Housing. Climate change. Not sure about you? But we know more than a few people freaking out over the relationship between the two.
Do you think they’re crazy? If so, no doubt, it looks like you have good company, as evidenced by recent data from Redfin. Large numbers of people don’t seem to care. Or, at least, they’re not letting the warming planet and subsequent extreme weather chaos impact their decisions on where to hang their hats.
So, first thing’s first.
Us humans have a tendency to think about what’s happening in our lives right now. In certain contexts, we don’t think much about a future we can’t quite vision in any concrete form. In relation to why some people suck at saving for retirement, we wrote about research on the subject in a July Juice:
Hershfield concluded that some people see a version of themselves in the future that they don’t “really don’t feel all that emotionally connected to or invested in,” leading them to “live much more for today than tomorrow.”
Related to housing — we suspect lots of people are having this conversation with themselves:
Today it’s getting unaffordable where I live and/or it’s more affordable in other parts of the nation. I know this and it might be directly affecting me today. So that’s priority number one. Yeah, it has been hotter, there have been more storms and I’m seeing all of these warnings about the future catastrophic impacts of climate change. But that’s a future I can’t quite place myself in. It’s a distant second — or fifth or tenth — to saving money on housing today.
Makes some sense, right?
Or you just flat out don’t believe in climate change and it’s not even a factor — let alone a thought — if and when you consider relocating. Also makes sense to help explain things.
Many of the most popular places people are looking to move to are at the most risk as we continue to increasingly feel the effects of climate change.
Interesting. If only we had a crystal ball on all of this stuff.
Overall, Redfin found that just 8% of U.S. residents looking to move over the next year are moving because they fear climate change where they currently live.

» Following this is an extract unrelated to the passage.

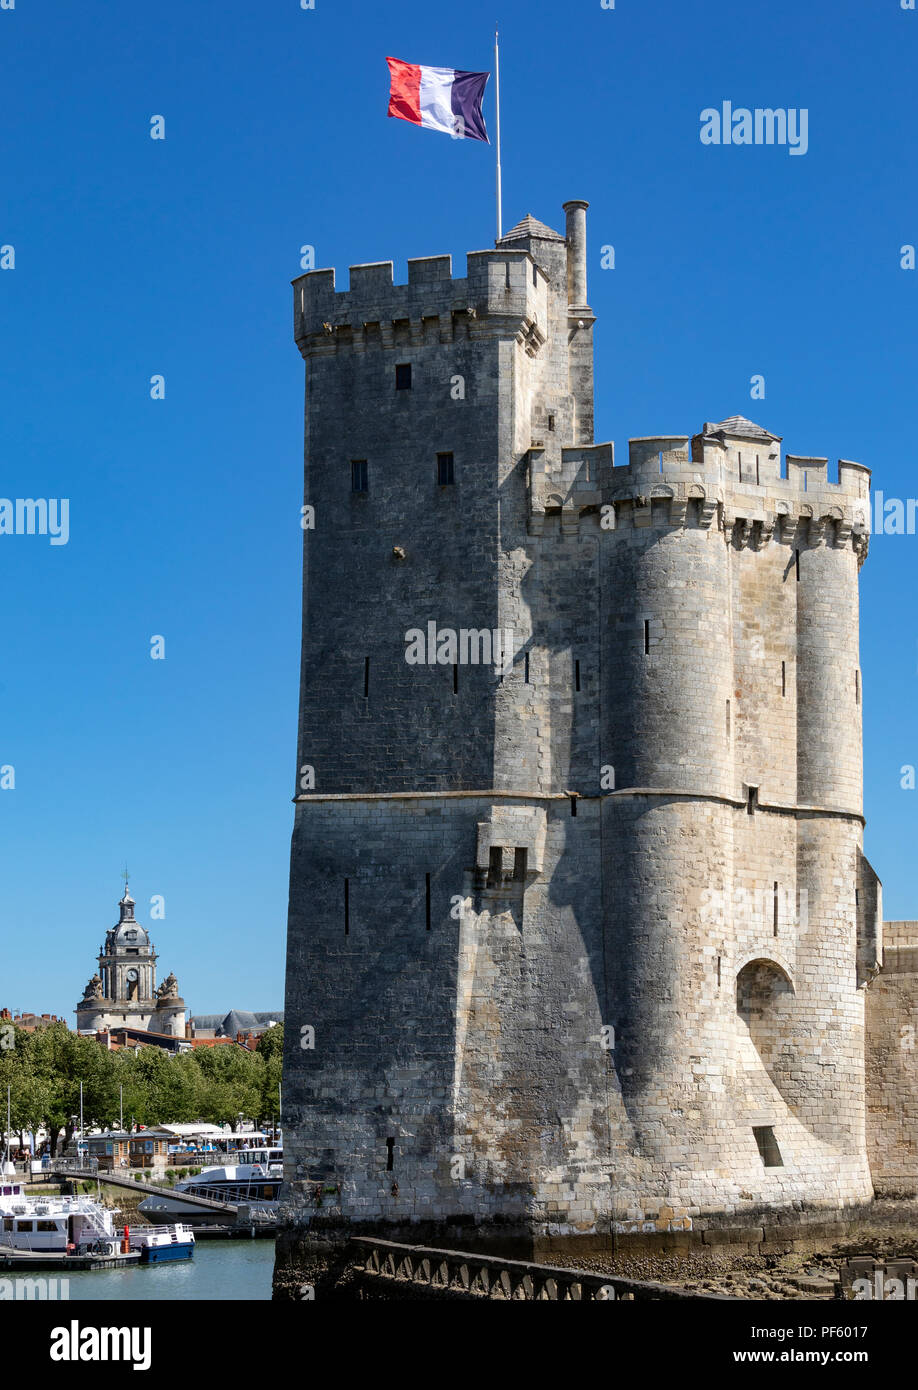 Tour de la Chaine in the Vieux Port in La Rochelle on the coast of the Poitou-Charentes region of France. This landmarks date from the 11th century. Stock Photo

Twenty-two percent are planning an escape due to cost of living.
To that end, these are top ten metro areas, people are leaving:
The top desired destinations include Las Vegas for people currently in LA and Milwaukee for folks in Chicago. Clearly, all about the cost of living there. Meanwhile, folks in gloomy Seattle search Phoenix most when looking out of state. It appears that the desire for extremely hot and dry weather over clouds and rain trumps climate change concerns for these homebuyers.
For the record, as of the middle of last month, temperatures in Phoenix hit at least 110 degrees for 54 days in 2023. That’s hot. And that’s an all-time record.
The Bottom Line: We find this fascinating. If you do a search for “the best places to live climate change,” you get a wild assortment of answers. Some sources say San Francisco; others say no way to California as a whole. Seattle and Portland make climate-resistant lists as well, but haven’t they seen their share of wildfires in recent years?
It’s difficult to make sense of.
So, here’s The Juice’s consensus: Climate change is real, but it’s something we’re going to have to deal with and, hopefully, manage as best as we can at the individual and governmental levels. While climate change might be a consideration if you’re looking to move, it can’t be the consideration. Because while the science might be overwhelming and straightforward, the data on where you’ll be safest definitely isn’t.